Halloween candy still holding out, which is a shock and relief, but tonight I feel I may have to make a pie of some sort. Pumpkin sounds good. Pumpkin goes well with a steampunk manuscript, don't you find?
For other types of manuscripts, recommended pies include -

Cozy Mystery   - Apple
Romance          - French Silk
Western            - Rhubarb
Fiction              - Shepherd
Thriller             - Blueberry
Horror             - Cherry (or strawberry)
Sci Fi               - Key Lime
Fantasy            - Banana Cream
Poetry              - Pecan

Good luck and happy baking!

Tuesday, November 6, 2012

Day 6

Reached 13000 on my NaNoReMo project. Had a minor coronary incident this morning, when I opened the document to find none of my progress from yesterday anywhere to be found. Recovered lost document. All is well.

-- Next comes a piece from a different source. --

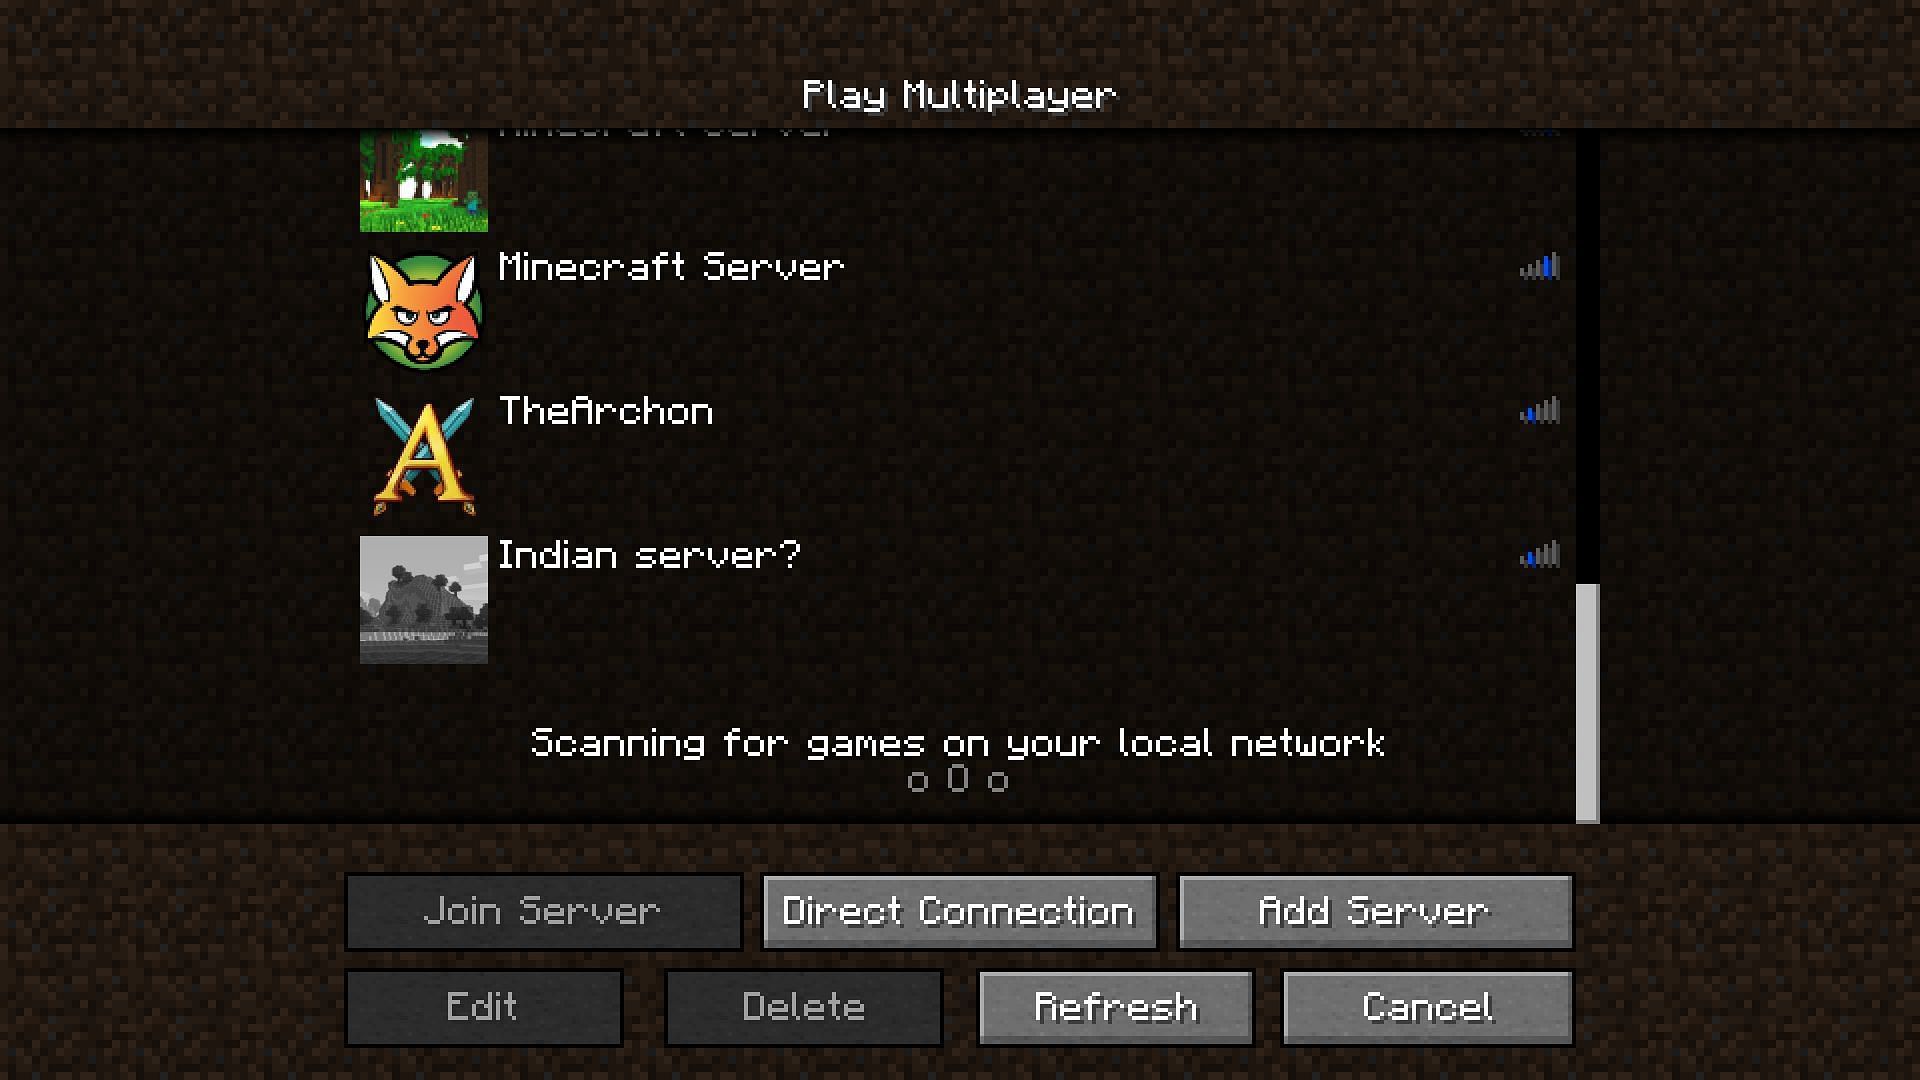 How To Join A Lan World In Minecraft 22

I have also embarked on a Classic NaNo project, to get a mess of an idea I've been playing with for months into actual manuscript form. It stands at 7290, with more work tonight.

Halloween candy still plentiful. Spirits still high, despite evening now arriving at 4:30. This truly is the writing time of year.

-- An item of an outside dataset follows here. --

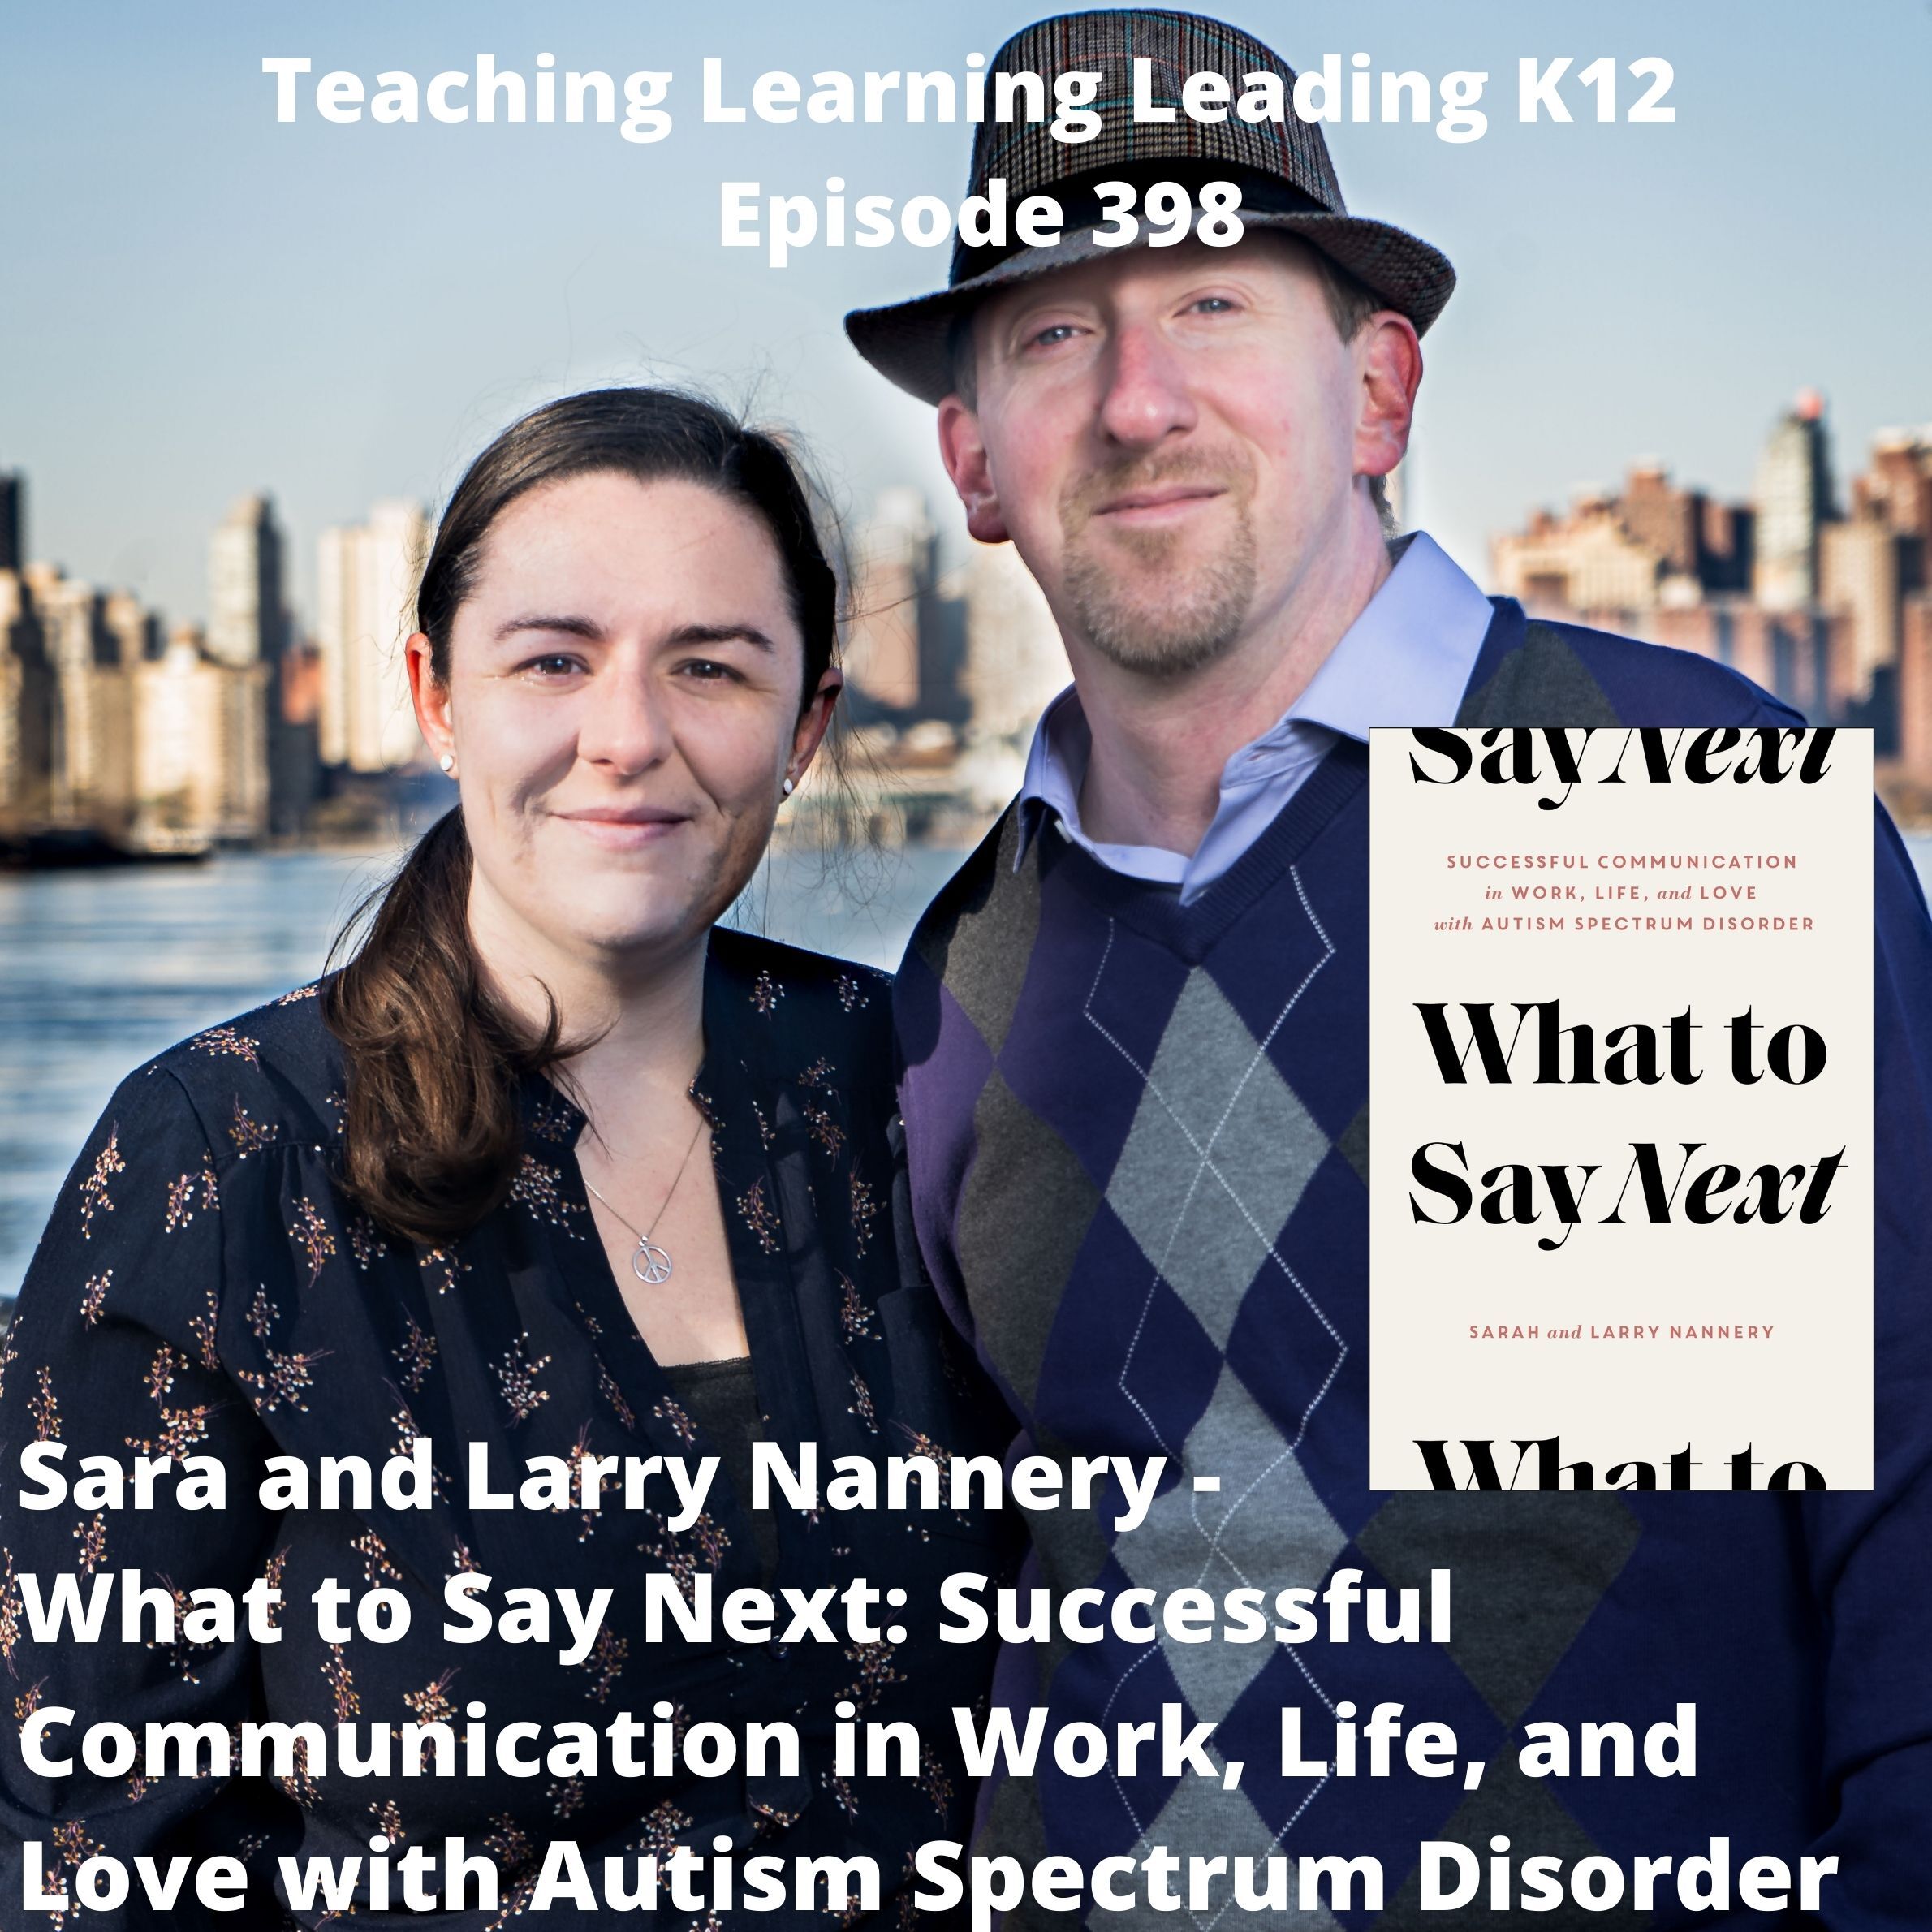 Sara and Larry Nannery - What to Say Next: Successful Communication in Work, Life, and Love with Autism Spectrum Disorder - 398

Saturday, November 3, 2012

Day Three

All is well.
Have made it to 7000 words.
The summit is far, but we have rich stores of Halloween candy left to sustain us, coffee supplies and spirits are high.
45k left to climb.

For my fellow travelers:
An evening constitutional works marvelous much for generating ideas and invigorating the blood.

Thursday, November 1, 2012

Ah Ha!

A version of NaNo for me!
As I am the Perpetual Reviser, who has way too many manuscripts piled up on the ol' chicken to even think about starting another one, I have always opted out of NaNo officially. But this year, I've found the magical Na No REVI Mo. Wheee!

So, what am I going to Revi for this Mo? A lovely little ghost story that is in a late draft and still needs some nipping, tucking and polishing. 52k total to polish and perfect by the end of the month. And I'm already about 4k in, so it's really more like 48/52k to work on before December. ONwords and UPwords!

Just to make this interesting, with each update post, I shall have to include a Lily Cate approved Writing Tip or two. So for today -
 Get some comfy slippers, it's too distracting to write with cold toes.
The Mint Condition from Caribou Coffee is the best barely-still-coffee drink evah. Live near a Caribou.
If you like music while you write, I suggest creating a Submarines station on Pandora. AWEsome.

Monday, October 29, 2012

Happy Halloween!

... a little early.
Also happy NaNo to those who are jumping in again this year.
I, as always, have revisions to work on, so no new projects for me this fall. I'll be working on existing projects.  I must have completed my revision request Dungeon Master Blackbelt by now. I never seem to not have revising to do.

There was time for pumpkin carving, of course!

A sample of this year's crop

And then a walk in the Haunted Woods under the full moon. 

Fall is officially here. We had our last warm days, I feel. Now the air is sharp and cold, good weather for bundling up with a coffee and a manuscript, and a couple of cats, of course.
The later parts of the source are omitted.